Ivan Ivanovich Mezhlauk (Ива́н Ива́нович Межла́ук; Jānis Mežlauks; 30 September 1891 – 25 April 1938) was a Soviet politician and statesman who was the first first secretary of the Communist Party of the Turkmen SSR as well as its first president.

Ivan Mezhlauk was born in Kharkiv (modern Ukraine), in the Kharkov Governorate of the Russian Empire on 30 September 1891. He was of Latvian ethnicity.

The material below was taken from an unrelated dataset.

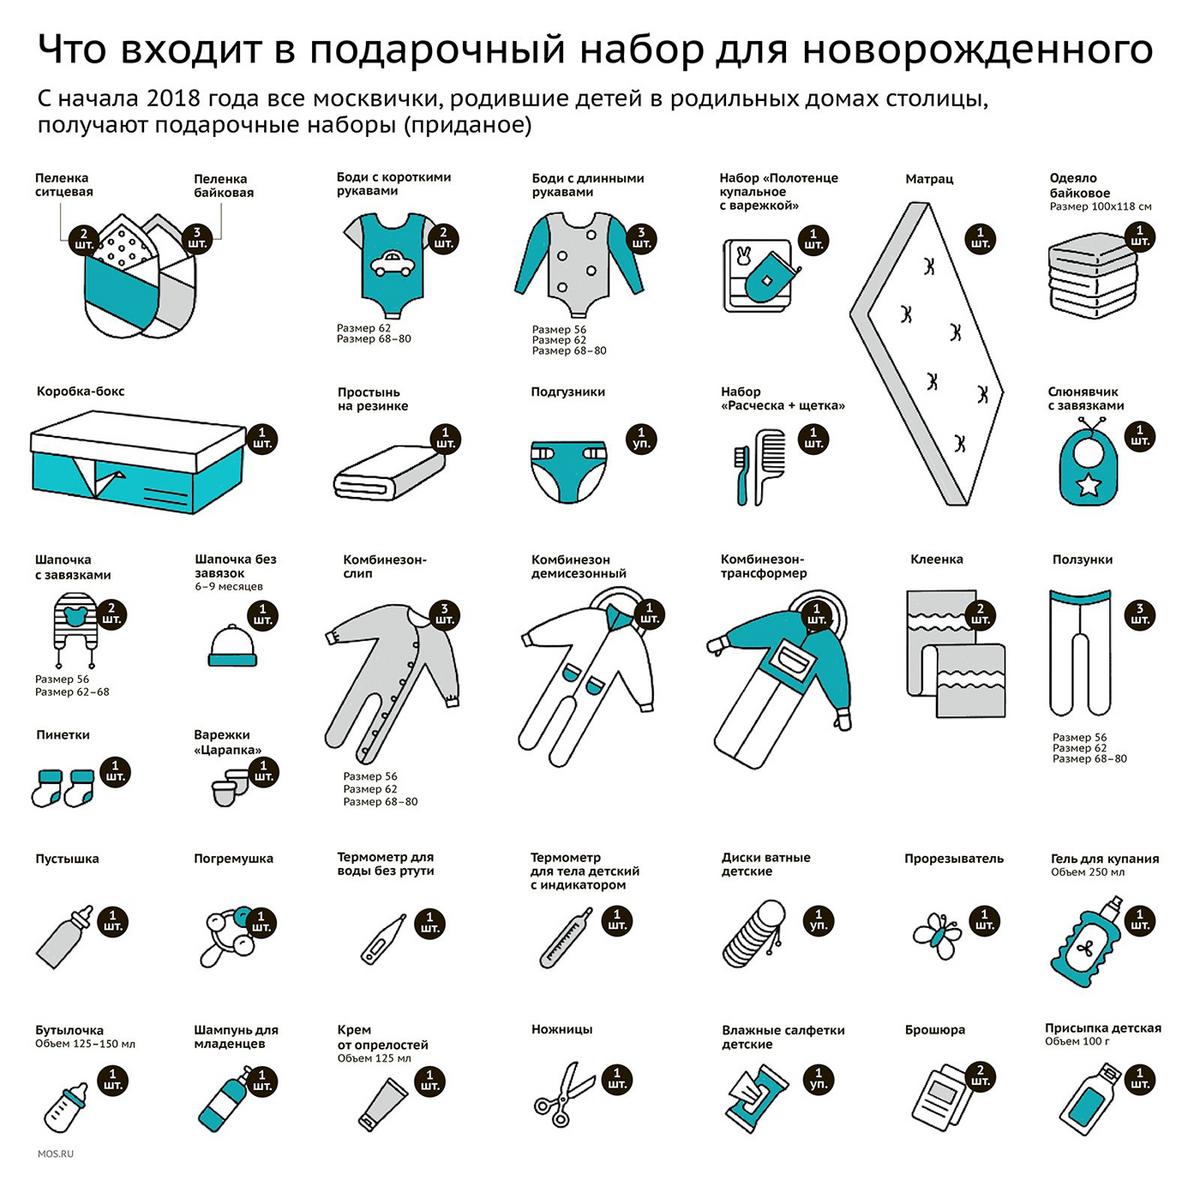 Вот что дарит мэр новорожденным москвичам. На первое время ребенку вообще можно ничего не покупать, кроме подгузников. Инфографика: mos.ru

He joined the Bolshevik Party in 1918 and served in the Red Army during the Russian Civil War. He was president from 19 November 1924 until September 1925, when he was replaced by Halmurad Sahatmuradov. His term as first secretary lasted longer, until 1926.

He was succeeded as first secretary by Shaymardan Ibragimov.

From 1930 to 1933, Mezhlauk worked in the Soviet economic planning apparatus, for a time as the secretary of the Council of Labor and Defense.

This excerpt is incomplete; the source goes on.